THE BLOG
06/20/2013 04:40 pm ET Updated Aug 20, 2013

In Memory of Vince Flynn

It was a typical afternoon in the CNN makeup room. The room was full of people. Chaos, pandemonium and bedlam were all having a pre-production meeting. Writers were running in and out making changes in the scripts, asking for anchor input. Guests were quaking in the makeup chairs, hyper-anxious about going on live television. Personal entourages stood around offering guests words of encouragement, and useless last-minute tips.

As a CNN anchor, I was seated in my usual spot with my makeup artist Kim Wayman. We always stayed in the corner, in an effort to create a bubble of calm. Sitting next to me, waiting for a dusting of powder, was a serious, handsome man. I watched his expression in the mirror for a moment. He was taking in the media circus with a slightly bemused look and I was struck by his zen-like poise.

"Are you a guest?" I asked. "What is your subject?"

"I write books... thrillers."

Vince Flynn introduced himself modestly, without embellishment.

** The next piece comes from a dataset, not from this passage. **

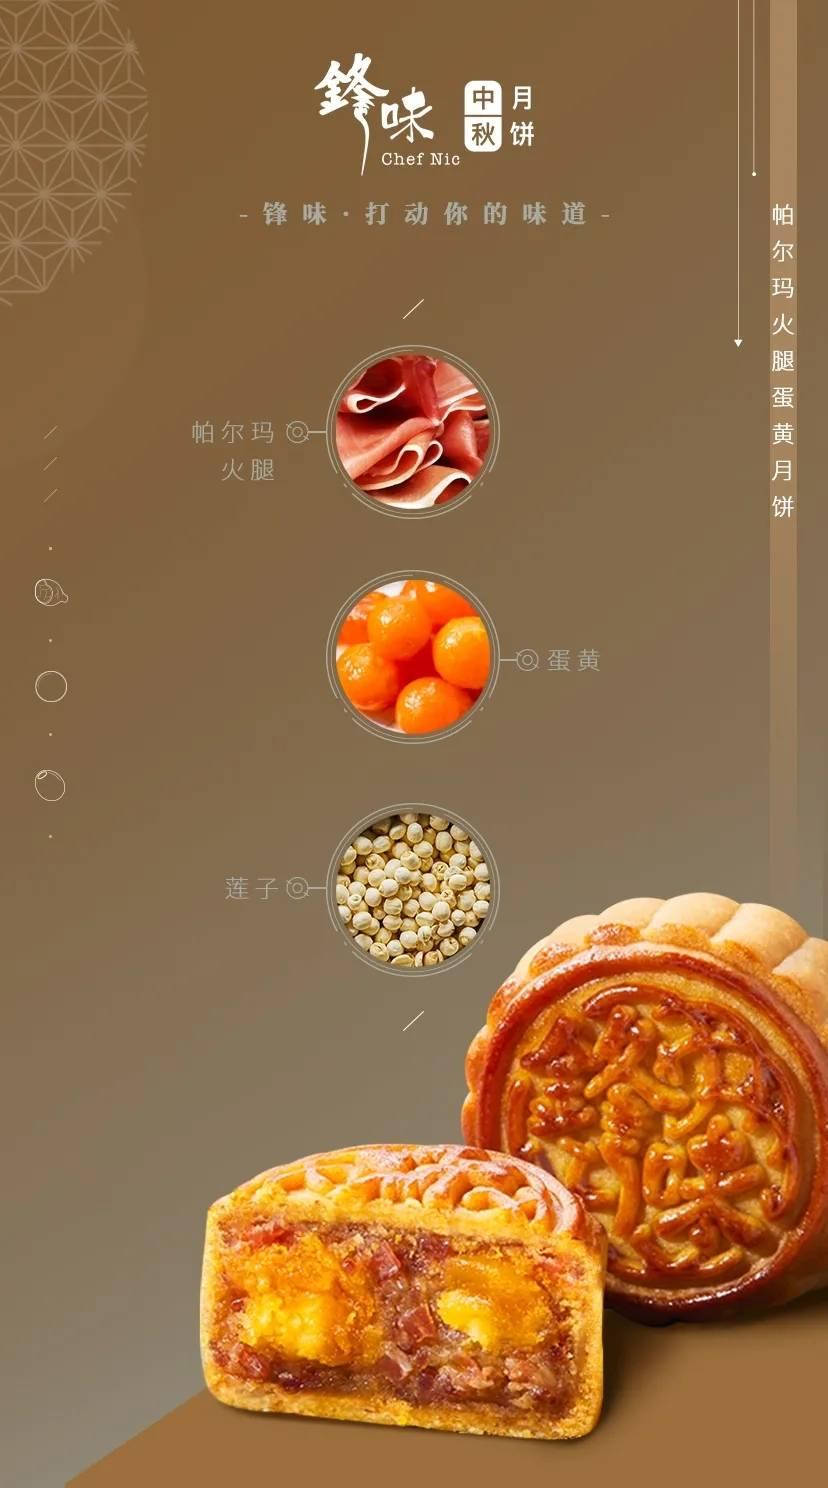 【全国包邮】锋味八粒装月饼,门市价298现仅售268,4粒 帕尔玛火腿蛋黄月饼,4粒 陈皮豆沙蛋黄月饼

"Do you write?" he asked me.

"I only write news," I explained.

"You should try fiction. It's fun. I enjoy it a lot."

We talked about writing a bit, and terrorism and world affairs. He immediately turned the subject away from himself to larger, more important world events.

Talking about the big picture in the green room is another rare quality in a television guest -- usually, wracked with nerves, many succumb to pre-interview megalomania and compulsively tell their story over and over to anyone who will listen, including the production assistants. Not Vince Flynn; he wanted to talk about the world.

A few days after my brief conversation with him I realized he was a mega-star in publishing world -- a stratospheric talent who had been on the best-seller charts for years. How could I have not known? I immediately became a Vince Flynn fan.

I read him exclusively in paperback. On my assignments just before boarding a plane, I always sought out his books in the racks. The quiet intelligence he displayed in person came through in the novels. Unlike many thrillers, his plots were grounded in the real world, with just the right amount of fictional dash to get the heart racing. And his heroes were epic.

It wasn't until I tried writing thrillers myself that I gained even more appreciation for the effortless grace of his pen. He is absolutely one of the best.

With the announcement of his death, I am deeply saddened. I only met him for a moment in person, but his writing kept me company though some of the longest, most tedious flights in the world; Vince Flynn and his wonderful books were my travel companions. He may have written fiction, but I know he crafted the quiet, decent strength of his heroes from real life.